RÉPUBLIQUE FRANÇAISE

AU NOM DU PEUPLE FRANÇAIS

COUR D'APPEL DE PARIS

Pôle 6 - Chambre 8

ARRÊT DU 14 Mars 2013

(n° , pages)

Numéro d'inscription au répertoire général : S 11/05605 - CM

Décision déférée à la Cour : jugement rendu le 11 Mai 2011 par le conseil de prud'hommes de PARIS section encadrement RG n° F08/14724

APPELANT

Monsieur [X] [I]

[Adresse 1]

[Localité 2]

comparant en personne, assisté de Me Rachid BRIHI, avocat au barreau de PARIS, toque : K0137

INTIMEE

SAS HERTZ FRANCE

[Adresse 3]

[Adresse 3]

[Localité 1]

représentée par Me Jean NERET, avocat au barreau de [Localité 4], toque : T04 substitué par Me Olivier ANGOTTI, avocat au barreau de [Localité 4], toque : C1779

COMPOSITION DE LA COUR :

En application des dispositions de l'article 945-1 du code de procédure civile, l'affaire a été débattue le 05 Février 2013, en audience publique, les parties ne s'y étant pas opposées, devant Madame Catherine MÉTADIEU, Présidente, chargée d'instruire l'affaire.

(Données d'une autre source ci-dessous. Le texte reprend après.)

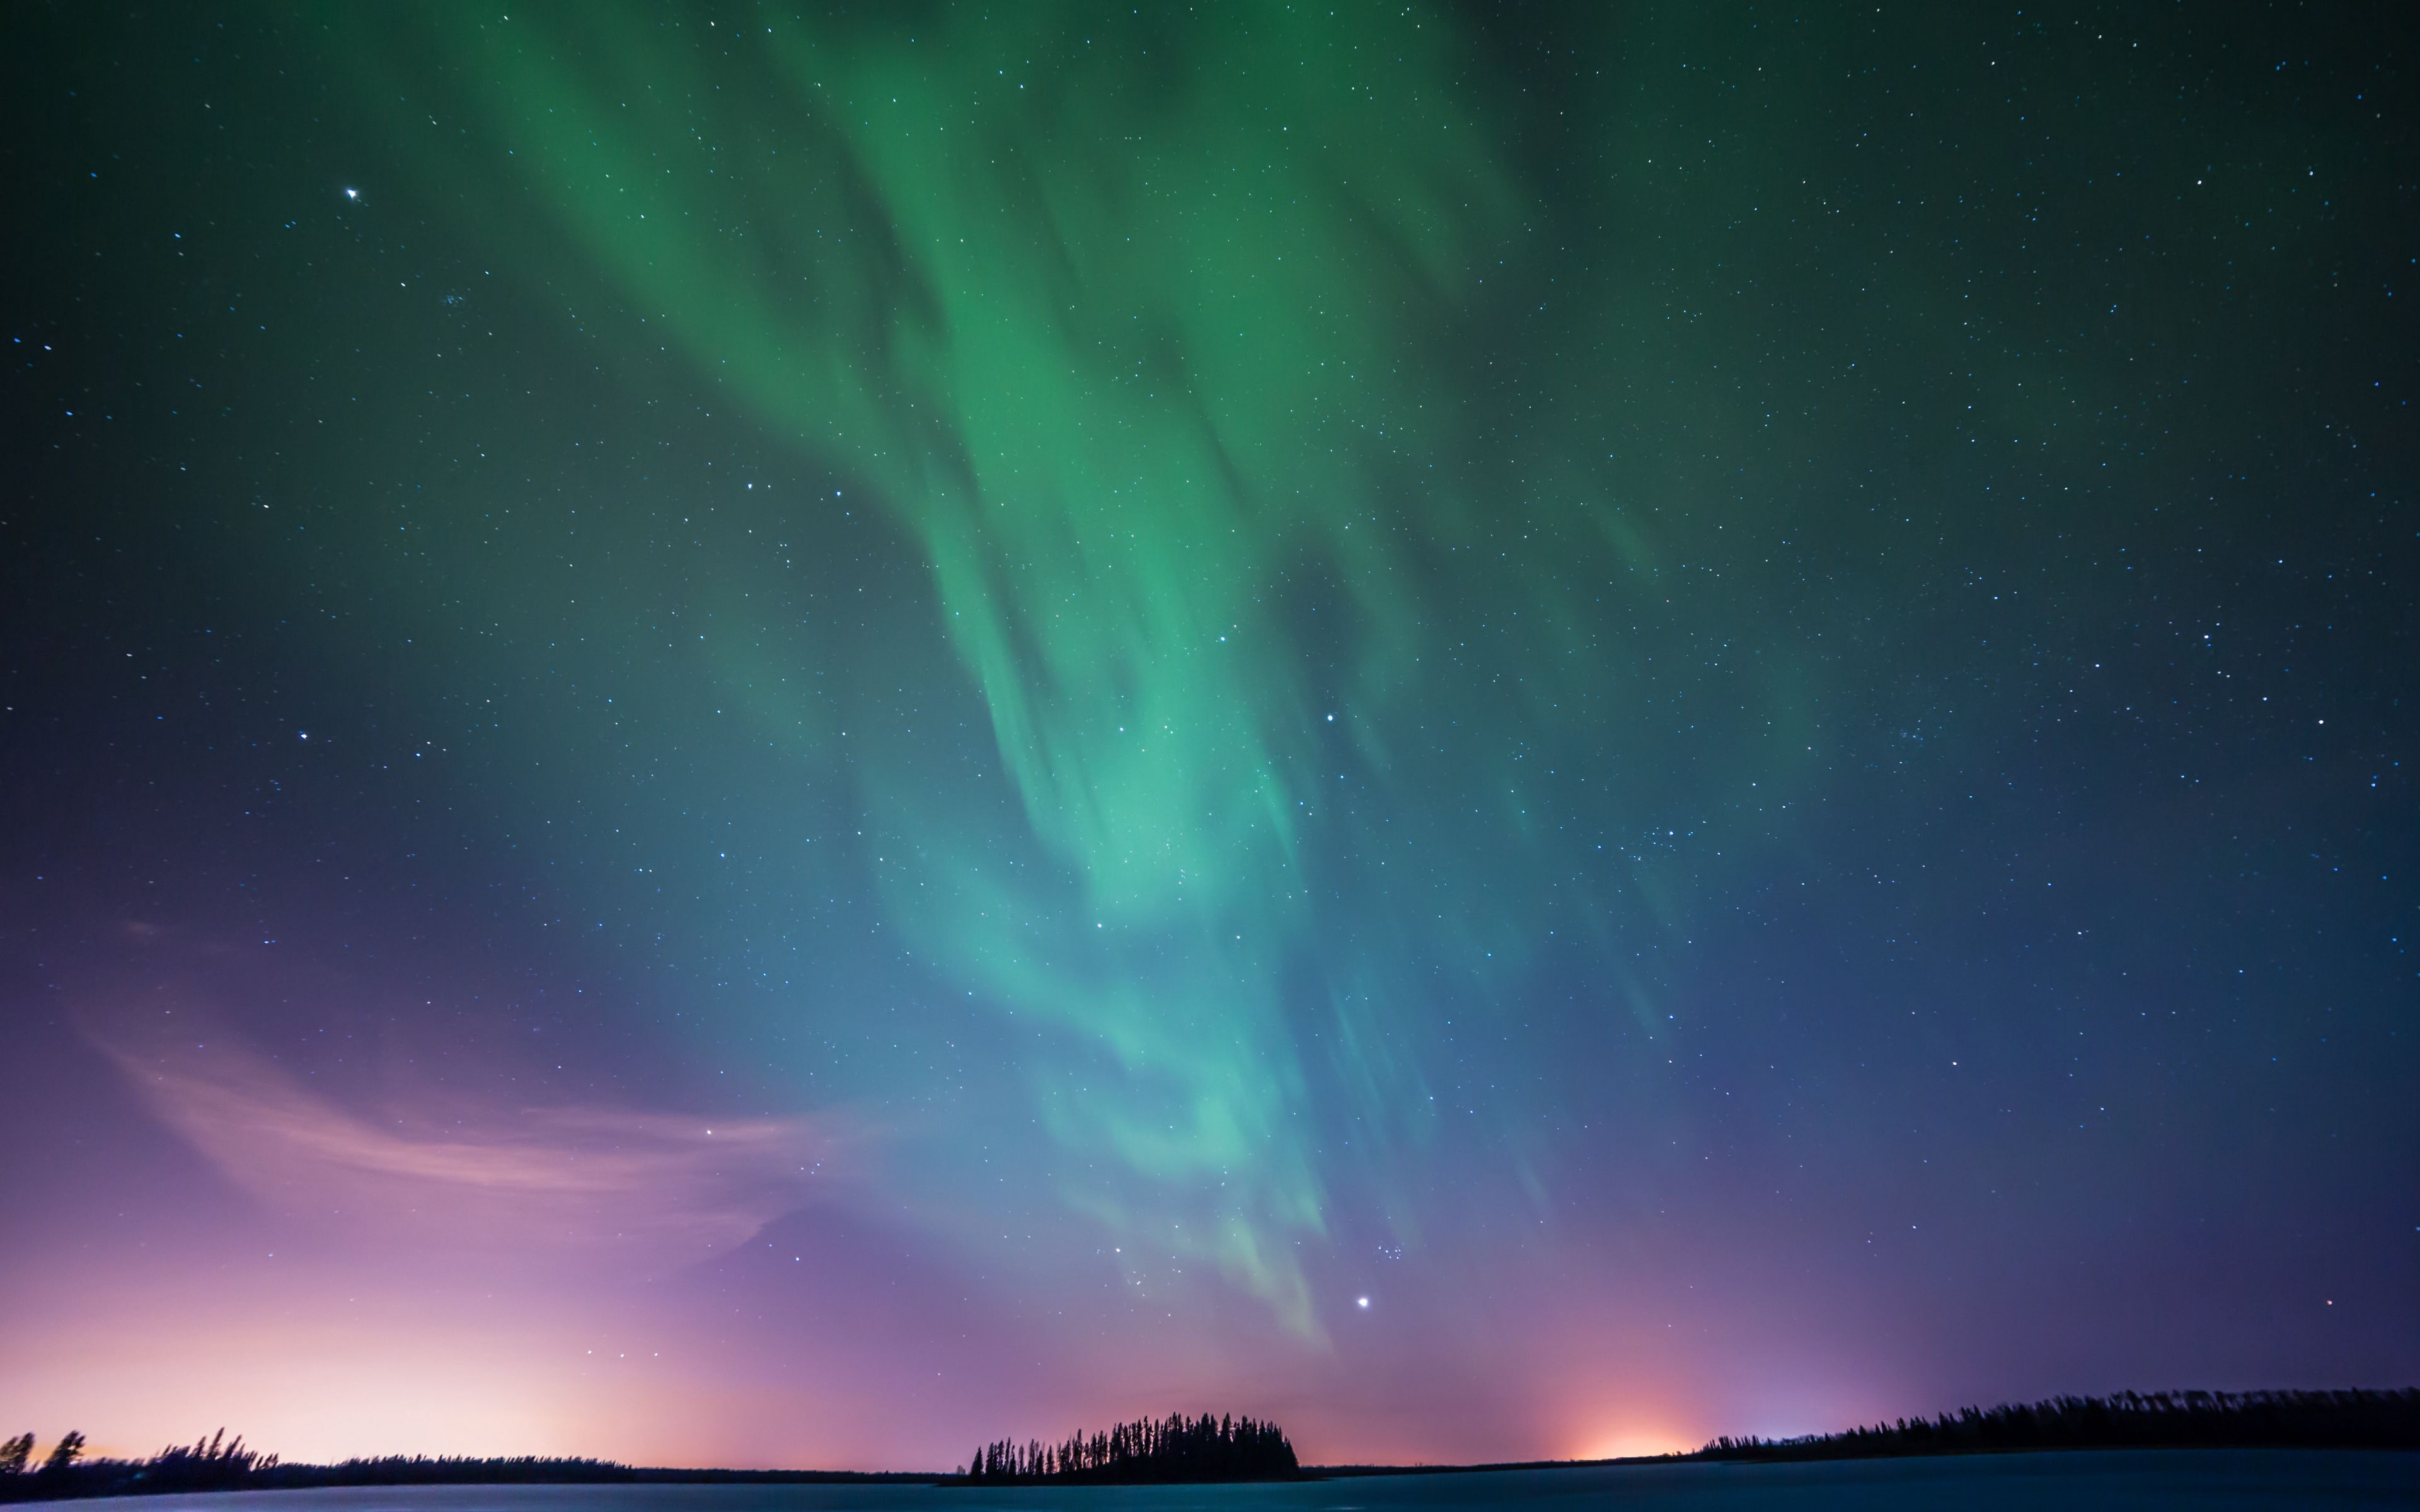 Wallpaper Northern Lights Aurora Borealis Aurora Northern Lights Wallpaper 8k 3840x2400 Download Hd Wallpaper Wallpapertip

Ce magistrat a rendu compte des plaidoiries dans le délibéré de la Cour, composée de :

Mme Catherine METADIEU, Présidente

Mme Marie-Elisabeth OPPELT-RÉVENEAU, Conseillère

Mme Marie-Antoinette COLAS, Conseillère

Greffier : Mme Anne-Marie CHEVTZOFF, lors des débats

ARRET :

- CONTRADICTOIRE

- prononcé publiquement par mise à disposition de l'arrêt au greffe de la Cour, les parties en ayant été préalablement avisées dans les conditions prévues au deuxième alinéa de l'article 450 du Code de procédure civile.

- signé par Mme Catherine METADIEU, présidente et par Mme Anne-Marie CHEVTZOFF, greffier, à laquelle la minute de la décision a été remise par le magistrat signataire.

EXPOSÉ DU LITIGE :

[X] [I] a été engagé à compter du 6 novembre 1989 en qualité d'agent d'opération par la S.A.S HERTZ FRANCE, selon un contrat de travail à durée indéterminée.

Il a été promu aux fonctions de directeur régional sur les secteurs de [Localité 4] Ville et [Localité 4] Sud à compter du 1er octobre 2003.

Les relations entre les parties sont régies par la convention collective nationale des professions de l'automobile.

En juin 2006, la S.A.S HERTZ FRANCE a autorisé, aux termes d'un contrat dit de correspondance, la société SNAP, installée dans la quartier Opéra à [Localité 4], à louer des véhicules sous son enseigne.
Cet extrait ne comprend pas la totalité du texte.